When looking at the annoyance factor of unwanted mail, bounce messages (caused by some insane worms randomly sending mails with arbitrary from-addresses) seem to have overhauled ordinary spam. The problem with those is that they pass my spam filters and now I have to take steps.
I figure that it should be possible to get an almost flawless detection of those bounces with a specially tailored bayesian filter. Note that I don't want to use the existing bayes filter (as part of SpamAssassin for example). I would first have to train them and also, I suspect that real spam and bounces don't have much in common when looking at the used words.
So what I have started doing now is writing a bayesian filter for bounces. First thing I wrote was a flex-scanner that detects valid RFC822 mail addresses. The scanner gets fed one message. It opens a pipe to another process (the one that does the actual filtering) and writes the mail to this process. The only thing the scanner does is replacing every email-address it can find in the body with
T_MAILADDR or somesuch.
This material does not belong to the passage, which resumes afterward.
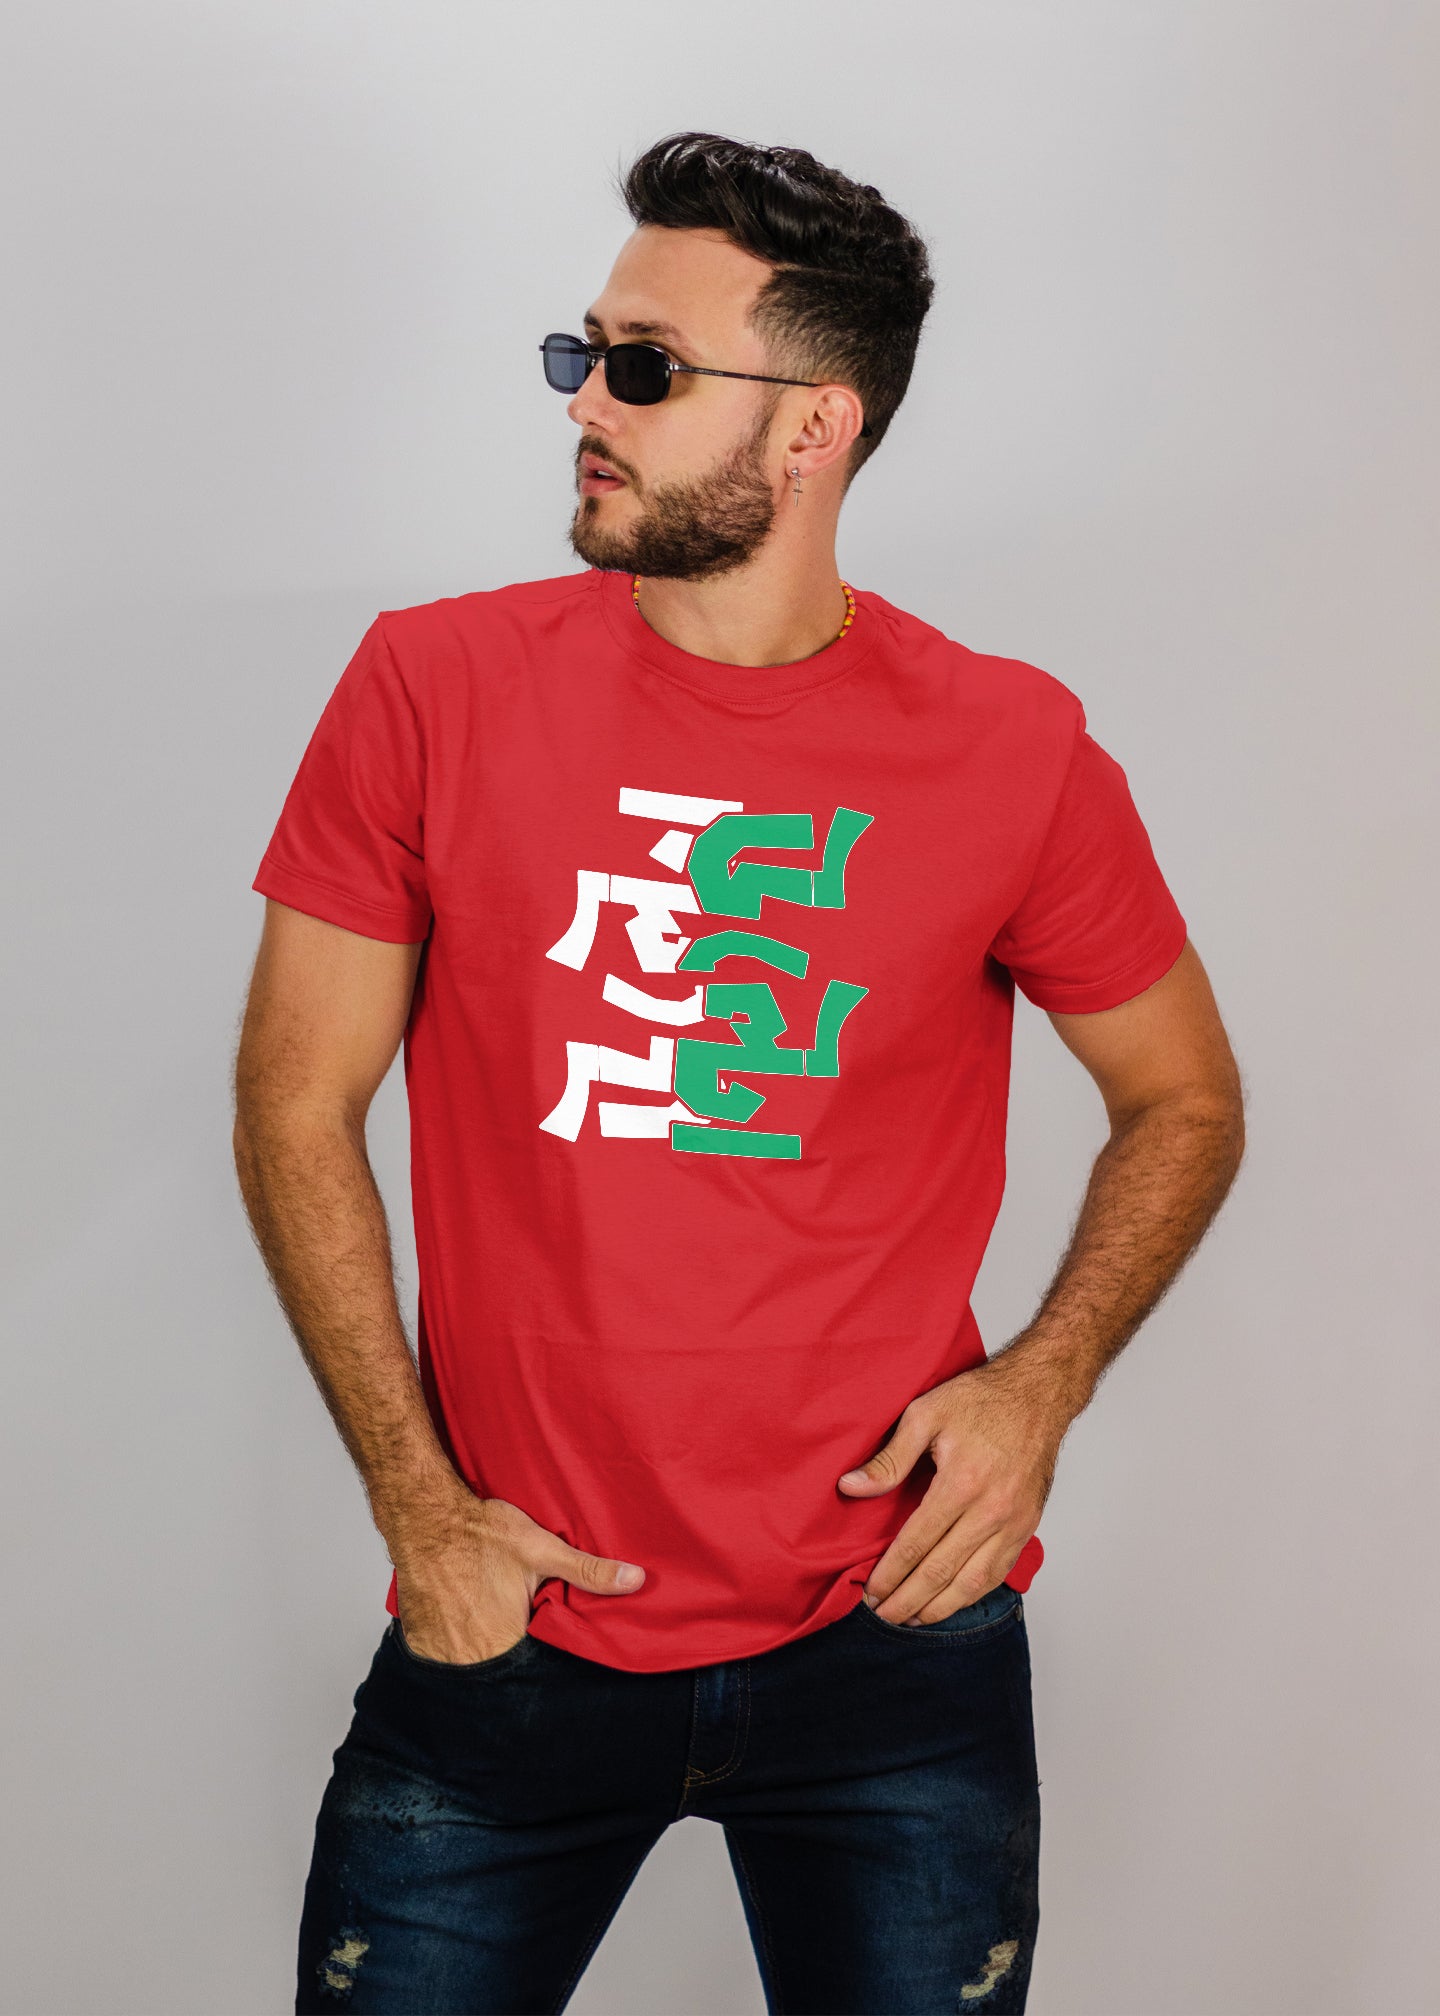 Ulto caligraphy Printed Half Sleeve Premium Cotton T-shirt For Men

When reading RFC822 correctly, the below should be the rules for a valid email-address:
This should be a huge advantage for a bayesian filter since now not every single email-address is a word for its own but rather they get mapped onto one word.
The idea behind that is of course, that bounce messages tend to have a lot of email addresses in their body. Some of them even include whole header fields, so I could extend the scanner to detect those and generate another token for them.
For now I'll prototype the program that the scanner opens a pipe to in Perl and see whether the approach makes any sense at all. If it does, I can rewrite it in C and have a fairly well-performing bayesian filter that I can plug into my
.procmailrc before spamassassin is even triggered.